Take the data below. Output it exactly from its first line through the line containing "Jormftte Beinstulpen Damen".

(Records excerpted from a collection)

%%

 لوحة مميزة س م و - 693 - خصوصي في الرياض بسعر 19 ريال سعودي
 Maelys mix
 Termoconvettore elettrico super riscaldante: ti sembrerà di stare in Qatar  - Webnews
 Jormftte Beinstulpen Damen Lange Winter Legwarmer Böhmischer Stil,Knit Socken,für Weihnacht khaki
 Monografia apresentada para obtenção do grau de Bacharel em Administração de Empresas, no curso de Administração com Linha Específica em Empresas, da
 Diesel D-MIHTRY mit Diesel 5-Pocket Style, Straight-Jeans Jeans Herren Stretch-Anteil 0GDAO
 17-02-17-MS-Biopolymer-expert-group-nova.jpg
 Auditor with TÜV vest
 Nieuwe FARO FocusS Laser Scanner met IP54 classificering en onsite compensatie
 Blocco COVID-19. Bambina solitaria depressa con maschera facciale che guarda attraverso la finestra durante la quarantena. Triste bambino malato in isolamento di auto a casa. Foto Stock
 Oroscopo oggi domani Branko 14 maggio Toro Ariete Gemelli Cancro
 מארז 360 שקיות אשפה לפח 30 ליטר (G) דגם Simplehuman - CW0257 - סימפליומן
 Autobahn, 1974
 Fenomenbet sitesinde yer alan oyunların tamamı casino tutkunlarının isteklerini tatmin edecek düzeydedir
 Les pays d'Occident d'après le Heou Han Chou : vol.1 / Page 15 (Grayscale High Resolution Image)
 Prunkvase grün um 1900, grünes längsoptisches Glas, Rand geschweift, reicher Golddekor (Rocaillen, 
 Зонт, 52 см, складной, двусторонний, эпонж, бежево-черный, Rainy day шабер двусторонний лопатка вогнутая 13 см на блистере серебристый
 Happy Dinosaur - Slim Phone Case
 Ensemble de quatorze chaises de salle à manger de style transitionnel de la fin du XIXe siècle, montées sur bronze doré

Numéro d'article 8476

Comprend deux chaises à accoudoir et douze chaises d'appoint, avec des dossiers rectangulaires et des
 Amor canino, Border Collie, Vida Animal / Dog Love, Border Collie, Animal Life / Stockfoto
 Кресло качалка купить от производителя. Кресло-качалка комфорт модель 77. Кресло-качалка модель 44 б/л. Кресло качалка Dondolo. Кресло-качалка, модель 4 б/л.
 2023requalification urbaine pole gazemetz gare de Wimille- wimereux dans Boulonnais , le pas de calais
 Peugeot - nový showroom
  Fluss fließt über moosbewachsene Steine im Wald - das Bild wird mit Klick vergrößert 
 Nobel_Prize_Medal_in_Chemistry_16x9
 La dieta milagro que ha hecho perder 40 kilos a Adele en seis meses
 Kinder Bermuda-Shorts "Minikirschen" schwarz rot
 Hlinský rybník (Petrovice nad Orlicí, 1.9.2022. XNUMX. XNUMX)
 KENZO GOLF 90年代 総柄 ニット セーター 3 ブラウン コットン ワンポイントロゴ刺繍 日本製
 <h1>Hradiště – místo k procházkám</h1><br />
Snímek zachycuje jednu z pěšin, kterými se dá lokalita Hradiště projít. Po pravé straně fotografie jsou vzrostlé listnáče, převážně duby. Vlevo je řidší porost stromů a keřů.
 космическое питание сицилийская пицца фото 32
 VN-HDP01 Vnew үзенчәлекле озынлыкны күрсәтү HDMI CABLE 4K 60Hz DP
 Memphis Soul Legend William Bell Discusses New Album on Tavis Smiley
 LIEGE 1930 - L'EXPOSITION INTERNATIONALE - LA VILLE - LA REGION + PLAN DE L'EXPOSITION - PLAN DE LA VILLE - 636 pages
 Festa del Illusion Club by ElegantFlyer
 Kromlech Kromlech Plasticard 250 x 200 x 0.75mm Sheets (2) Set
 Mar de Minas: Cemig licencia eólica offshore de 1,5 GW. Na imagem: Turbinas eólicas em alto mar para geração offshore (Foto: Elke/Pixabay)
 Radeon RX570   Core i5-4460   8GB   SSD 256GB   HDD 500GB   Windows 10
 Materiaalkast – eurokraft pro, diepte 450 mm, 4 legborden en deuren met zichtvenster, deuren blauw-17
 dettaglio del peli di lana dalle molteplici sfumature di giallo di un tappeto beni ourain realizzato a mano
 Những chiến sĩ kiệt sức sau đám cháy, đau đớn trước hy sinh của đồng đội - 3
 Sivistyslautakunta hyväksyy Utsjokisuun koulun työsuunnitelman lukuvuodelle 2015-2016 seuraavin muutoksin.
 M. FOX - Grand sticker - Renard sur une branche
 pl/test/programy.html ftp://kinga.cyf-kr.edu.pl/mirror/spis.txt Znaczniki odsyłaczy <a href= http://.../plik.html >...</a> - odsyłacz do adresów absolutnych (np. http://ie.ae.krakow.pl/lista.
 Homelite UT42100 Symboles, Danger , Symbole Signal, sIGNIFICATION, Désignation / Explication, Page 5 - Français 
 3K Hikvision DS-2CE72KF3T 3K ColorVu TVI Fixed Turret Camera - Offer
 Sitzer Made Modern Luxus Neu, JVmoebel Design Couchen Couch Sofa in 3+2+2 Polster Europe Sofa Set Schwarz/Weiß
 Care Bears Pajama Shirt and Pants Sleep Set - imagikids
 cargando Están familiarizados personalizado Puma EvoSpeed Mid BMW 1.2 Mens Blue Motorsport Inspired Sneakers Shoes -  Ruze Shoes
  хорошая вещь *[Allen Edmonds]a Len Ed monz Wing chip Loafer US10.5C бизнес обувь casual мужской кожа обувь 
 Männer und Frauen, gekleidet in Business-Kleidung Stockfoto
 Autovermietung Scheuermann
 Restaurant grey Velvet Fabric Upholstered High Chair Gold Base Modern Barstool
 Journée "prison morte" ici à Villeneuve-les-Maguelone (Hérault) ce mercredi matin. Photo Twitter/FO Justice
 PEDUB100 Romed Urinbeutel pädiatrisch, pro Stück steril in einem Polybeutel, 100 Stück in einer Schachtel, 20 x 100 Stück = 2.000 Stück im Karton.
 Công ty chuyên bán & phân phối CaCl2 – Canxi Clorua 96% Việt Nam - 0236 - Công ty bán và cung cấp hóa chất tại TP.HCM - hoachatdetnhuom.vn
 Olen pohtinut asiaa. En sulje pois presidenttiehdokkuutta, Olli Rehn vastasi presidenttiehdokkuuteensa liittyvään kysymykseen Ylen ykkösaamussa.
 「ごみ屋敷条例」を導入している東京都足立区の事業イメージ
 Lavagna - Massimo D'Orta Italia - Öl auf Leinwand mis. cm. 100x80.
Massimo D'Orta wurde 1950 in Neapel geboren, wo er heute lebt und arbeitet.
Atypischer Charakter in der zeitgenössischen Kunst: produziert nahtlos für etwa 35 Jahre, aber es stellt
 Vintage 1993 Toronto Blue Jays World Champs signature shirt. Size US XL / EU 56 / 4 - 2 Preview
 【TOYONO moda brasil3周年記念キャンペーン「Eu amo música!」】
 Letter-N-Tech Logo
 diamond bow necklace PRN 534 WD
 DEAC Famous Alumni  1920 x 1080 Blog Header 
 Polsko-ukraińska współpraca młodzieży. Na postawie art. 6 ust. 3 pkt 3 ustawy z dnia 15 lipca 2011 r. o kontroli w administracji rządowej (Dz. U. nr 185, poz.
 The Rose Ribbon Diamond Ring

%%

EXERCISE SOLUTION =
 لوحة مميزة س م و - 693 - خصوصي في الرياض بسعر 19 ريال سعودي
 Maelys mix
 Termoconvettore elettrico super riscaldante: ti sembrerà di stare in Qatar  - Webnews
 Jormftte Beinstulpen Damen Lange Winter Legwarmer Böhmischer Stil,Knit Socken,für Weihnacht khaki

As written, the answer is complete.